As written about previously, the Doctor was, in the initial serial and in the early events of ‘The Daleks’, shaping up to be the programme's antagonist - he had kidnapped Ian and Barbara and had sabotaged the Tardis to set in motion the events of the earlier tale. Ian, as the ‘all-round hero’, was lining up to be the programme’s protagonist, accompanied by female companion Barbara. The psychological drama amongst the inhabitants of the Tardis, as we feel particularly in ‘An Unearthly Child’, had to subtly change now that there was an external power, though as yet seen only once, which outranked the threat from the Doctor himself: with the advent of the Daleks, the perfect antagonists, roles had to be re-aligned.
This re-alignment is what we see taking place in ‘The Edge of Destruction’. Hartnell’s Doctor, proud and arrogant, vulnerable and inexperienced, with part of the essence of his character captured by accident in Hartnell’s flubbed lines, had to become an ally of and friend to the teachers he had kidnapped. The First Doctor does not suddenly become entirely benign, but in this story we see the darkness that could have led to an ongoing malignity being punctured. This is the first step towards the Doctor becoming the protagonist, a role he grows into and then maintains over the next fifty years.
What was actually going on aboard the Tardis? Barbara intuitively gives us an ‘answer’ which makes no logical sense: ‘we had time taken away from us, and now it's being given back to us because it's running out’. What it means is that the Tardis, whose fault locator is itself faulty, has been trying to warn the crew about its perilous situation, hurtling towards destruction at the birth of the solar system.

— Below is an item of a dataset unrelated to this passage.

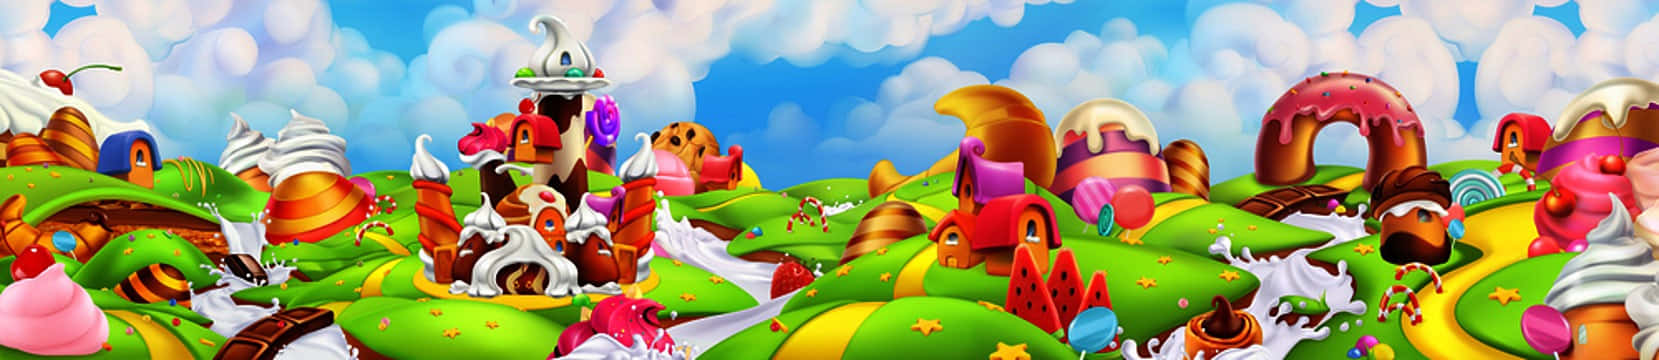 Enjoy a colorful world of sweetness with Candy Land Wallpaper

In doing this by affecting the crew’s mental state, it displays a certain amount of illogic and insanity itself, not to mention sentience and telepathic ability, but those qualities also help to give it a strange humanity, a subtle and hardly ever explicit quality which will pervade the series for the next five decades.
Despite the clues that we are given - Ian saying that the controls are ‘alive’, Susan sensing a ‘presence’ on board - the Doctor himself at this point is ‘out of tune’ with his ship, refusing to believe that it has telepathically influenced anyone: ‘It? It? What do you mean? My machine can't think.’ This is another indicator of a ‘beneath the surface’ transformation that is occurring in story archetypes: if the Doctor is beginning a journey towards being the protagonist, in order to remain balanced and archetypal strong, the story as a whole will need the all-knowing character usually portrayed in fiction as an old man with a stick.
This archetype takes on the role in most stories of pointing out the biggest problem, the plot-driving issue which is at the heart of any successful story’s events. In other tales, we have Gandalf, or Dumbledore, or Merlin or Obi-Wan Kenobi. We have, in Doctor Who, in many ways, as we shall see, the Doctor himself. But if he is to be also the central ‘hero’, then the overall tale of Doctor Who needs another shadowy figure who can point characters and events at the right target. In this case, it is the ship itself taking on that function. From this point on, it's possible to see the Tardis - as the device which always 'points' the characters at the events which formulate any story - as the show's archetypal 'old man with a stick'.
So although on the surface ‘The Edge of Destruction’ seems a little messy and incoherent, and although the superficial causes of that were scriptwriter uncertainty and a rushed schedule, the underlying story dynamics show that the show was finding its feet: foundations which were to last half a century and more, so solid and archetypal they turned out to be.